It’s worth noting that one of it not the the largest current uses for hydrogen is for producing ammonia nitrate fertilizers, and that’s currently done with methane steam reformation, which produces an massive amount of co2 compared to the hydrogen. Just getting that demand replaced with green hydrogen would be a massive reduction in co2.

[–] garyo@lemmy.world 2 points 10 months ago

Biggest process-related emissions (i.e. not energy production, transportation, heating etc.): steel, concrete, plastics, and fertilizer. Together they use about 17% of all energy generated. All industrial energy use is about 23% of the total. See https://www.epa.gov/ghgemissions/sources-greenhouse-gas-emissions

[–] silence7@slrpnk.net 1 points 10 months ago

Milorganite all over again

This stuff is great, but quantities that are available don't suffice to replace the Haber-Bosch process for production of nitrogen fertilizer.

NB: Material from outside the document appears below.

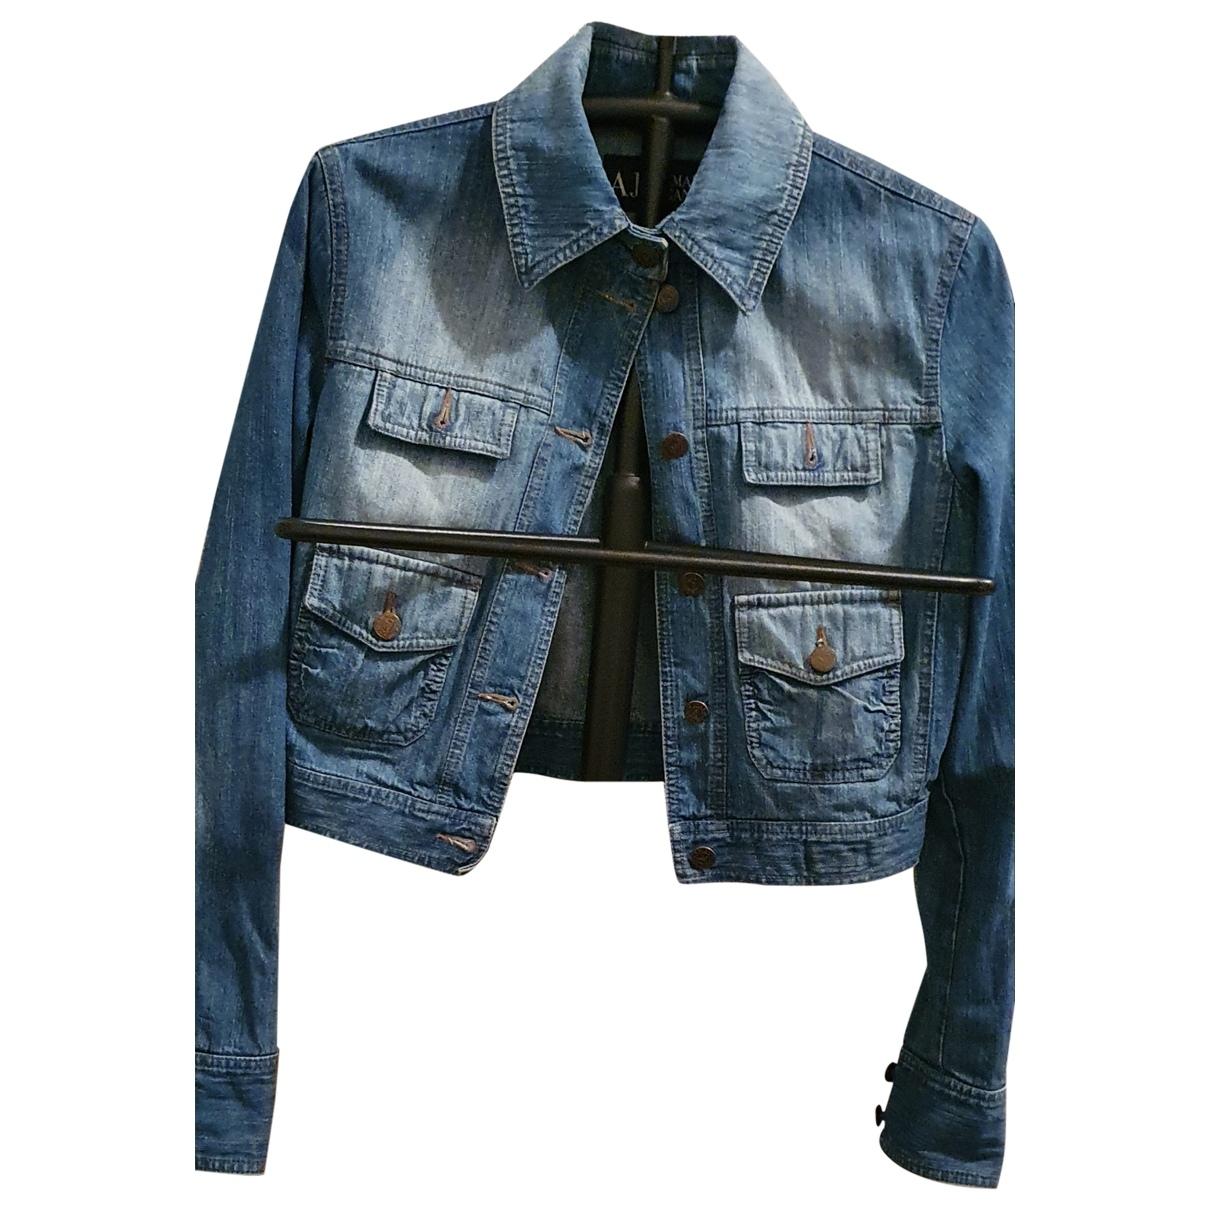 Armani Jeans \N Denim - Jeans jacket for Women 40 IT

The bigger plan is the use of green hydrogen as an input to fertilizer manufacture.

[–] oDDmON@lemmy.world 1 points 10 months ago

That last sentence is rather jarring.

[–] CubitOom@infosec.pub 0 points 10 months ago (2 children)

Um... Why do we need to produce fertilizer? Animals make poop pretty easily and compost just needs to be turned frequently to make something to help plants grow.

Seems to me maybe these companies could adopt regenerative farming techniques is they are really concerned.

[–] fpslem@lemmy.world 3 points 10 months ago* (last edited 10 months ago)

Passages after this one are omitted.